### Naïve Bayes Mixture Model

&nbsp;

Gaussian Mixture Model is great but text doesn't follow Gaussian distribution. We need another algorithm for text clustering. If you recall generative learning algorithms, we have Naïve Bayes apart from Gaussian Discriminant Analysis. It should not come as a surprise that we have Naïve Bayes Mixture Model as well. Mathematically, it is somewhat similar to Naïve Bayes. In Naïve Bayes, we can predict a new data point based upon Bayes' rule where p(y=label|x)=p(x|y=label)\*p(y=label)/p(x).
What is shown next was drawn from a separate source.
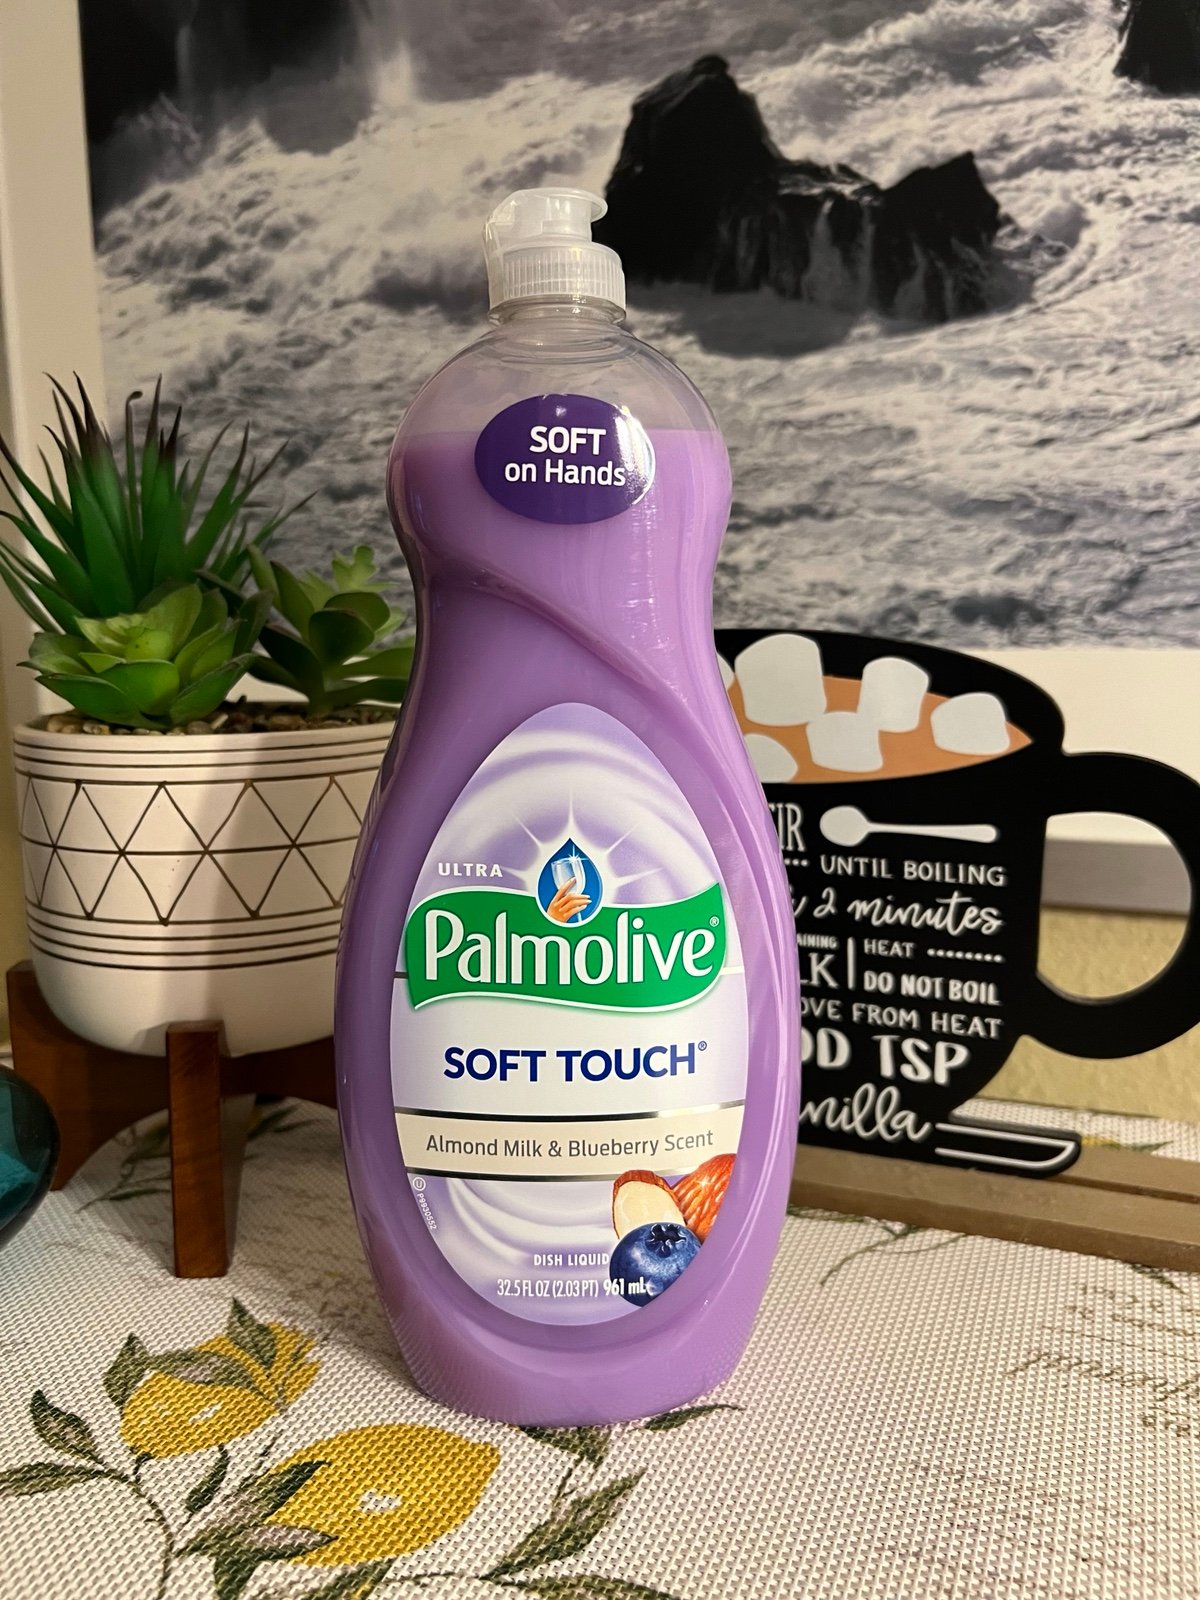 One Palmolive Soft Touch Almond Milk & Blueberry Dish L

The concept holds in NBMM. To make our life easier, the following script only takes the case of multivariate, to be more precise, a binary cluster problem. I will leave you guys to explore multinomial NBMM.

Like GMM, p(y) remains a latent variable we do not observe. In order to estimate p(y), we need to take an initial guess and gradually converge to the optimal number throughout iterations. Undoubtedly, we use Expectation-Maximization algorithm as well.

The material from Stanford university doesn't really cover the details of NBMM. It has been briefly introduced in Andrew Ng's lecture video. If you fully comprehend the concept of Naïve Bayes and Gaussian Mixture Model, the equations can be easily derived. The only issue is the lack of literature on how to select the optimal number of clusters in NBMM. Since it's distribution-based, I assume you can use AIC and BIC as GMM. I will leave you guys to explore.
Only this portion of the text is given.